Segment Open

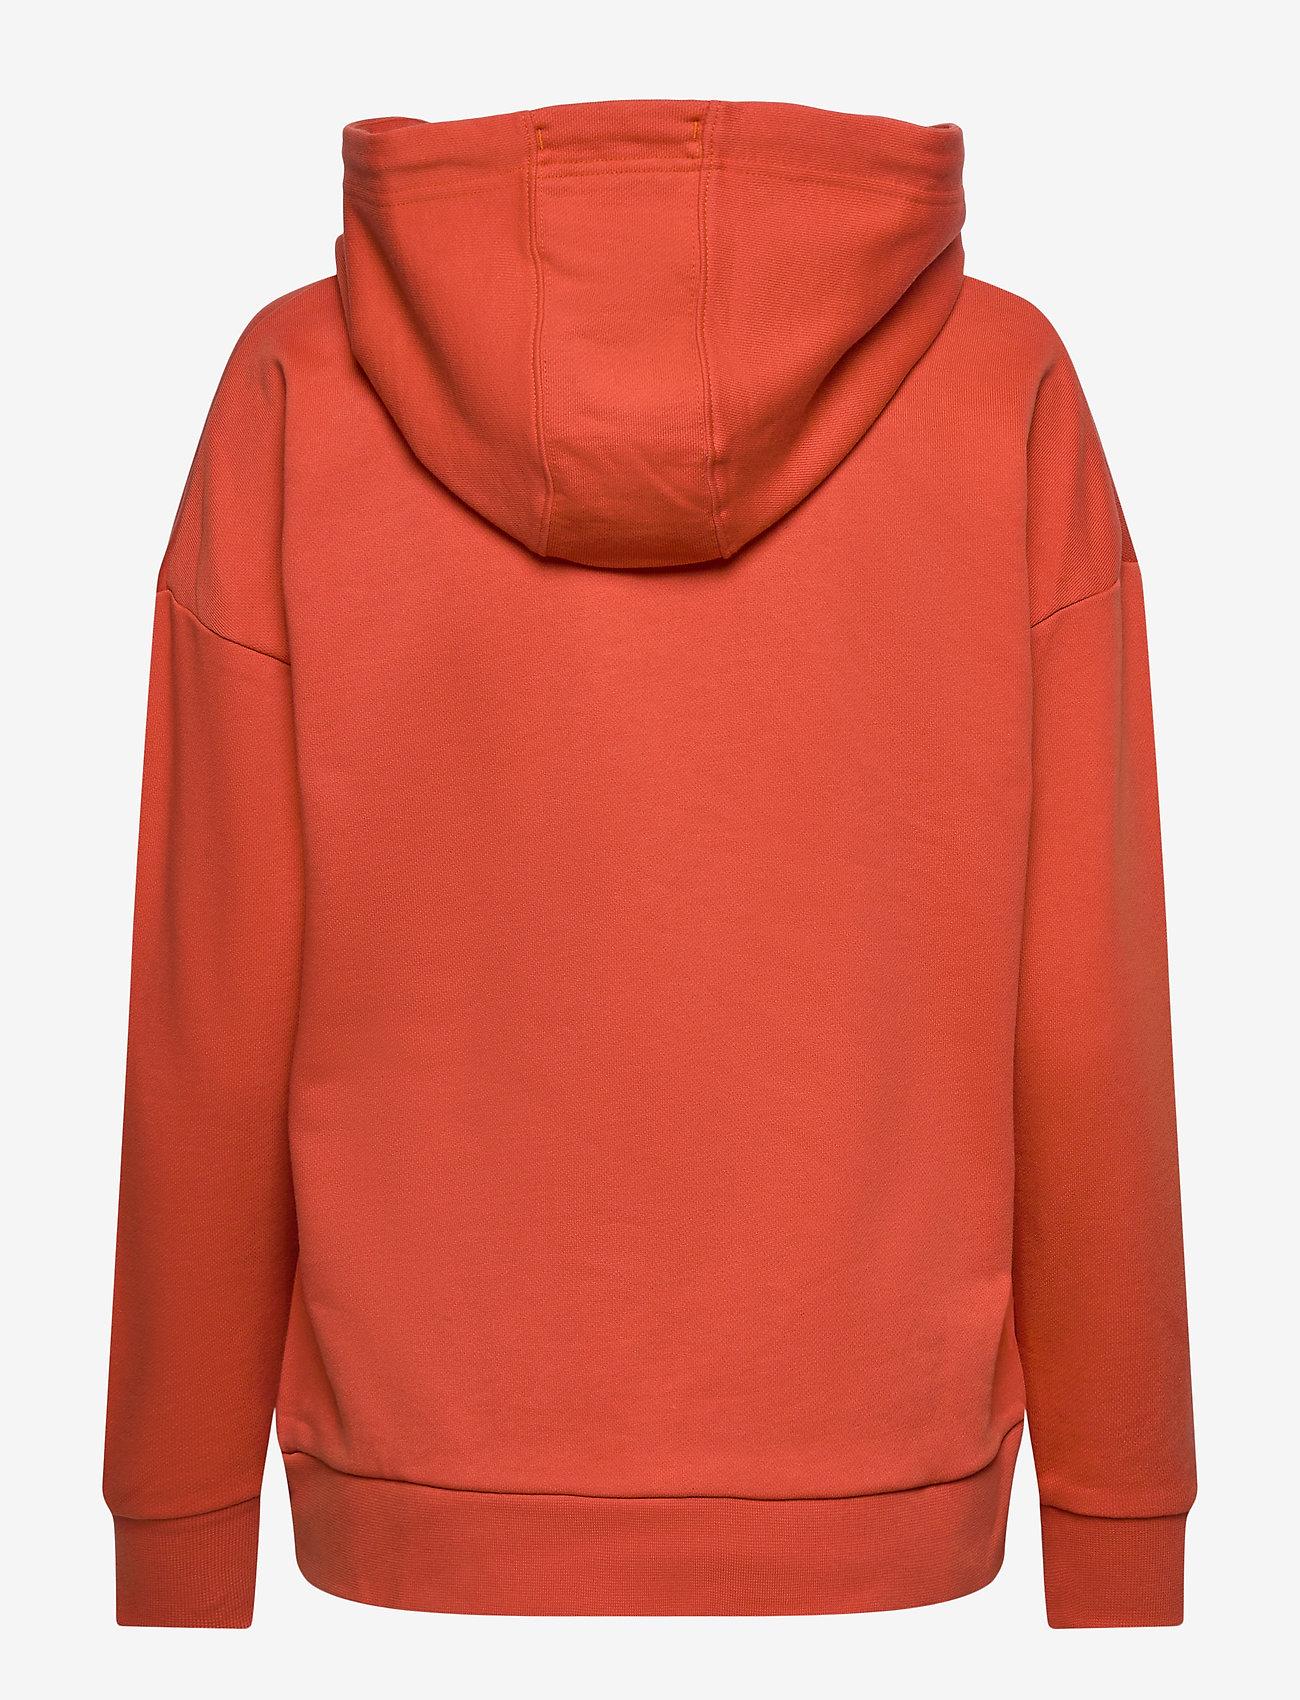 Lyle & Scott - Hoodie - sweatshirts & hoodies - paprika orange - 1
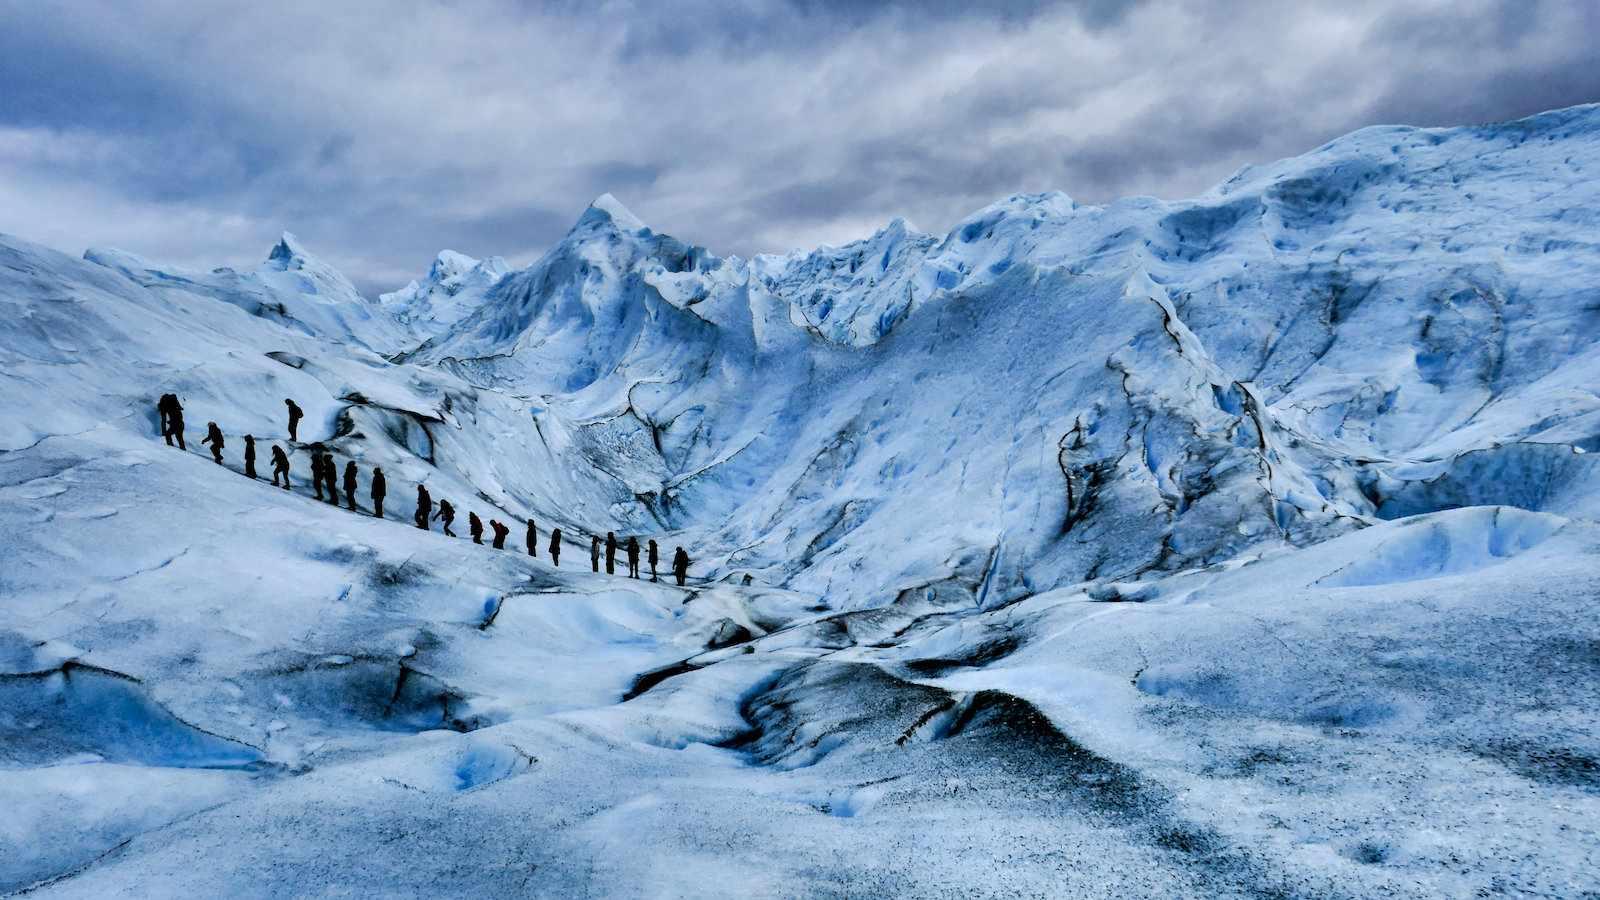 A real highlight of visiting Patagonia is hiking the Perito Moreno glacier
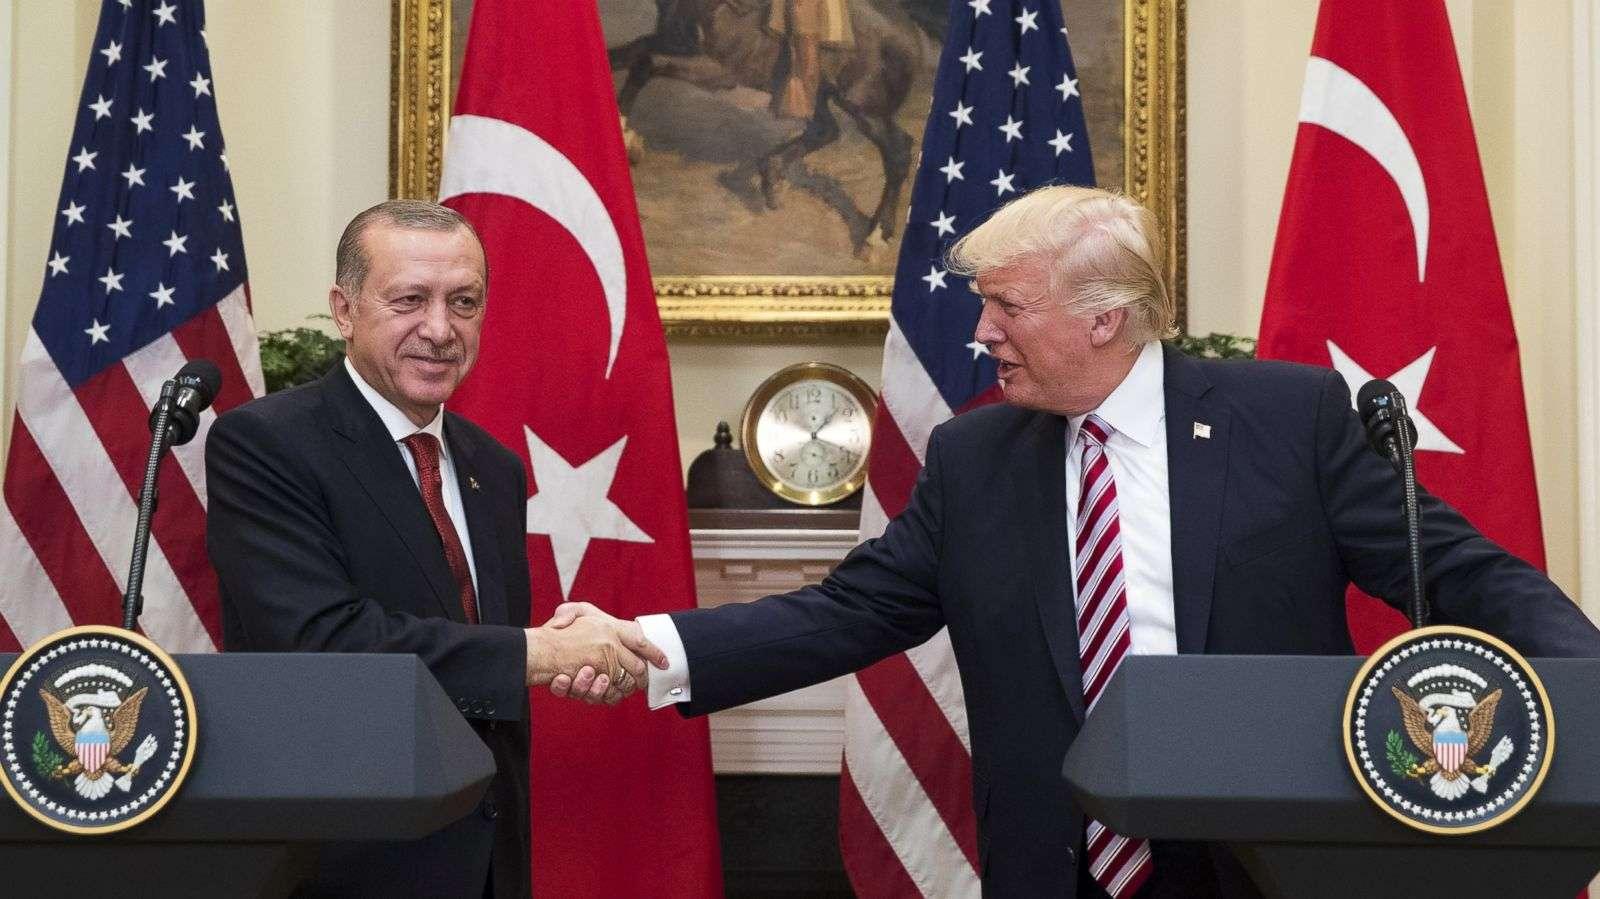 erdogan-marredheniet-me-shba-ne-do-te-forcohen-me-investime-dhe-tregti
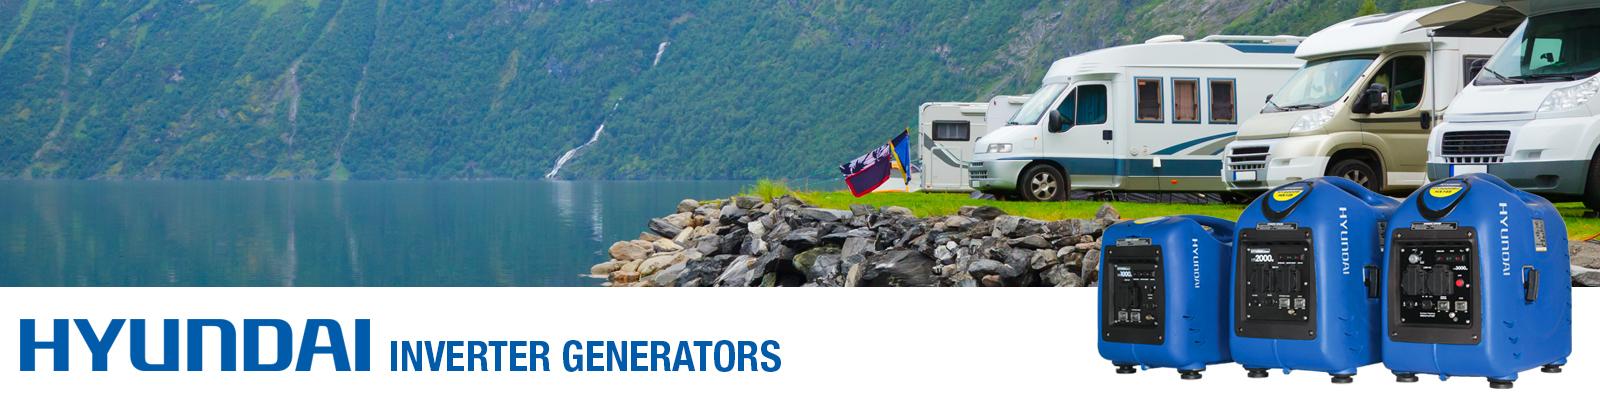 Inverter Generators - Buy Online - Free UK Delivery

Segment Closed

● Task requirements
Any picture in the material is to be dropped; the rest is repeated exactly.

● Solution to the exercise
 Lyle & Scott - Hoodie - sweatshirts & hoodies - paprika orange - 1
 A real highlight of visiting Patagonia is hiking the Perito Moreno glacier
 erdogan-marredheniet-me-shba-ne-do-te-forcohen-me-investime-dhe-tregti
 Inverter Generators - Buy Online - Free UK Delivery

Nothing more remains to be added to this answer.